Historischer Aussichtspunkt mit weitem Blick über das Rhein-Main-Gebiet

Das Fähncheskreuz in Wiesbaden ist ein historisches Flurkreuz auf einer Anhöhe an der Elisabethenstraße. Von hier eröffnet sich ein weiter Blick über das Rhein-Main-Gebiet mit Wiesbaden, Mainz, dem Taunuskamm und den rheinhessischen Hügeln. Der Aussichtspunkt ist Teil des Regionalparks RheinMain und lädt zu einer kurzen Pause auf Spaziergängen oder Radtouren ein.

Aussichtspunkt mit Geschichte und Weitblick

Historisches Flurkreuz an der Elisabethenstraße

Das Fähncheskreuz wurde im Jahr 1697 als Wegekreuz errichtet und steht auf einem Sandsteinsockel.

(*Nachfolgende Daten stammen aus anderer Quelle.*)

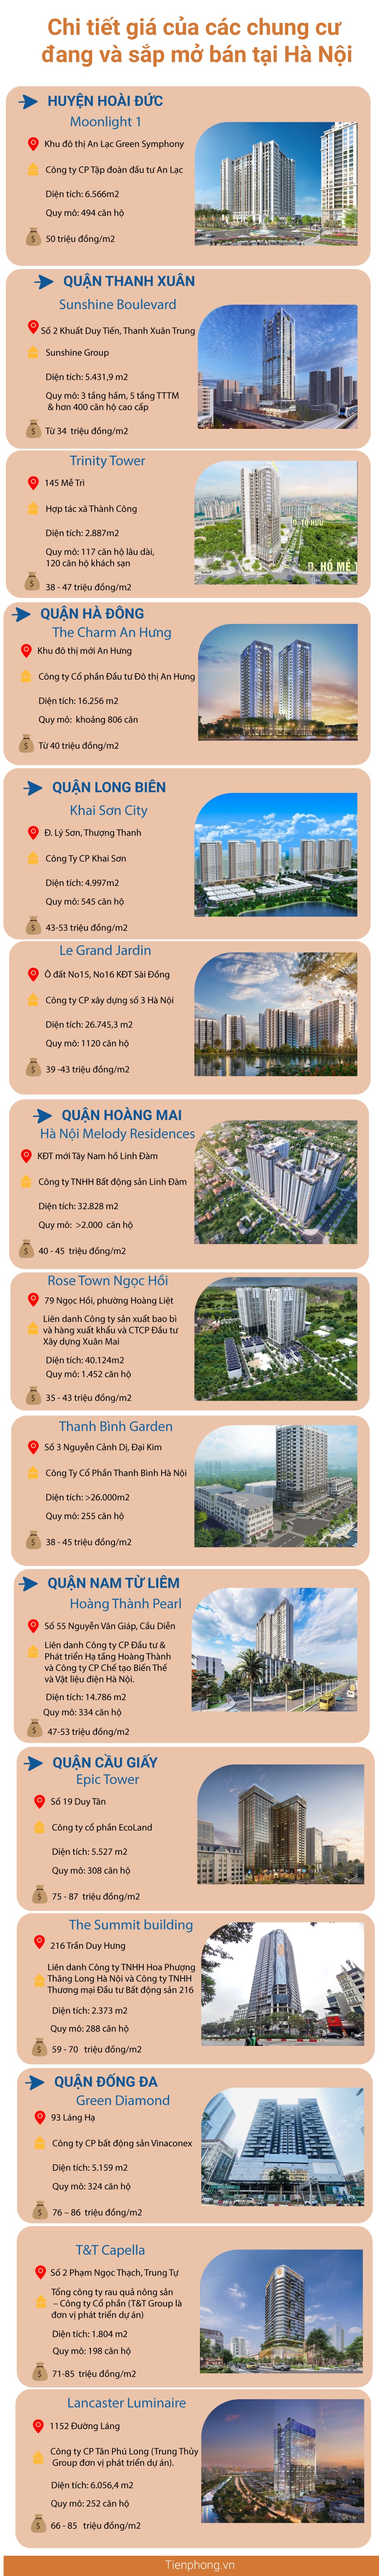 &#39;&#39;Choáng&#39;&#39; với giá căn hộ đang và sắp mở bán tại Hà Nội, có nơi 100 triệu m2 - 1

Auf dem Kreuz befindet sich ein später ergänztes Wetterfähnchen aus Blech, dessen schräge Anordnung dem Kreuz seinen Namen gab. Solche Flurkreuze markierten früher markante oder gefährliche Stellen in der Landschaft und sind typische Zeugnisse der regionalen Frömmigkeit.

Gestalteter Aussichtspunkt im Regionalpark RheinMain

Das Umfeld des Kreuzes wurde im Rahmen des Regionalparks RheinMain mit ortstypischen Materialien wie Stein und Speierlingholz umgestaltet. Der Platz ist weitläufig und bietet eine hohe Aufenthaltsqualität. Von hier aus reichen die Blickbeziehungen vom Taunuskamm mit der Hohen Wurzel über das Rhein-Main-Tal bis hin zum rheinhessischen Bergland und zum Donnersberg. Als Teil der Regionalpark-Rundroute zwischen Delkenheim und Kostheim ist der Aussichtspunkt gut in das Wegenetz eingebunden und eignet sich als Ziel für einen kurzen Abstecher oder eine Rast.

Erreichbarkeit und Nutzung

Das Fähncheskreuz liegt an der historischen Elisabethenstraße, die auf eine römische Verbindung zwischen Mainz (Mogontiacum) und Frankfurt (Nida) zurückgeht. Heute ist der Aussichtspunkt über Wege und Straßen im Stadtgebiet von Wiesbaden erreichbar. Der Platz ist frei zugänglich und kann ganzjährig besucht werden. Sitzgelegenheiten und die offene Gestaltung machen den Ort zu einem ruhigen Punkt, um die Landschaft zu betrachten und die Umgebung des Regionalparks zu erleben.